Category | Source Movie |
---|---|
HAHV | Airplane (4), When Harry Met Sally (5), Hot Shots (9), Love Actually (80) |
LAHV | August Rush (10), Love Actually (13), House of Flying Daggers (18), |
Mr Beans’ Holiday (58) | |
LALV | Gandhi (19), My Girl(20), My Bodyguard (23), The Thin Red Line (138) |
HALV | Silent Hill (30), Prestige (31), Pink Flamingos (34), Black Swan (36) |
2.5. Behavioral Data
PANAS: During the experiments, participants were asked to assess their baseline levels of affect in the PANAS scale. As depicted in Figure 3a, in total 20 questions (10 questions from each of the Positive Affect (PA) and Negative Affect (NA) dimensions) were answered using a 5-point Likert scale with the options ranging from “very slightly or not at all” (1) to “extremely” (5). To see if the participants’ moods generally changed over the course of the experiments, they were asked to answer the PANAS once at the beginning and once again at the end. For the German version of the PANAS questionnaire, the translation of Breyer and Bluemke [58] was used.
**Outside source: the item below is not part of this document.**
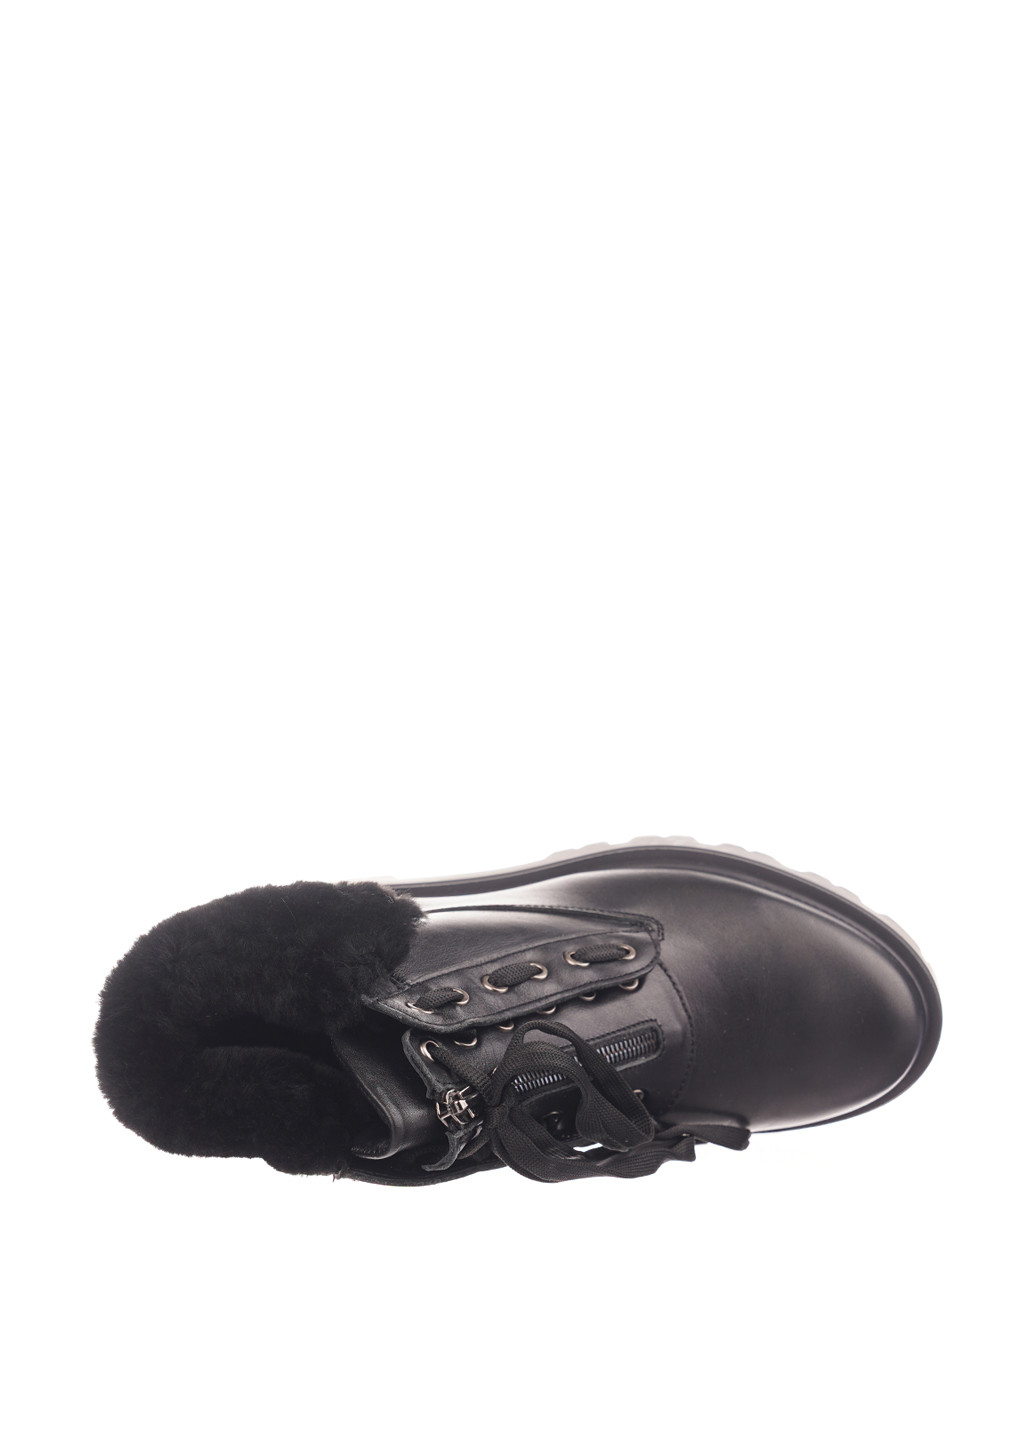 Зимние ботинки Camalini со шнуровкой, с мехом

Affect Self-Assessment: The Affective Slider (AS) [59] was used in the experiment to capture participants’ emotional self-assessment after presenting each stimulus, as depicted in the screenshot in Figure 3b (https://github.com/albertobeta/AffectiveSlider (accessed on 20 February 2023)). The AS is a digital self-reporting tool composed of two slider controls for the quick assessment of pleasure and arousal. The two sliders show emoticons at their ends to represent the extreme points of their respective scales, i.e., unhappy/happy for pleasure (valence) and sleepy/wide awake for arousal. For the experiments, AS was designed in a continuous normalized scale with a step size of 0.01 (i.e., a resolution of 100), and the order of the two sliders was randomized each time.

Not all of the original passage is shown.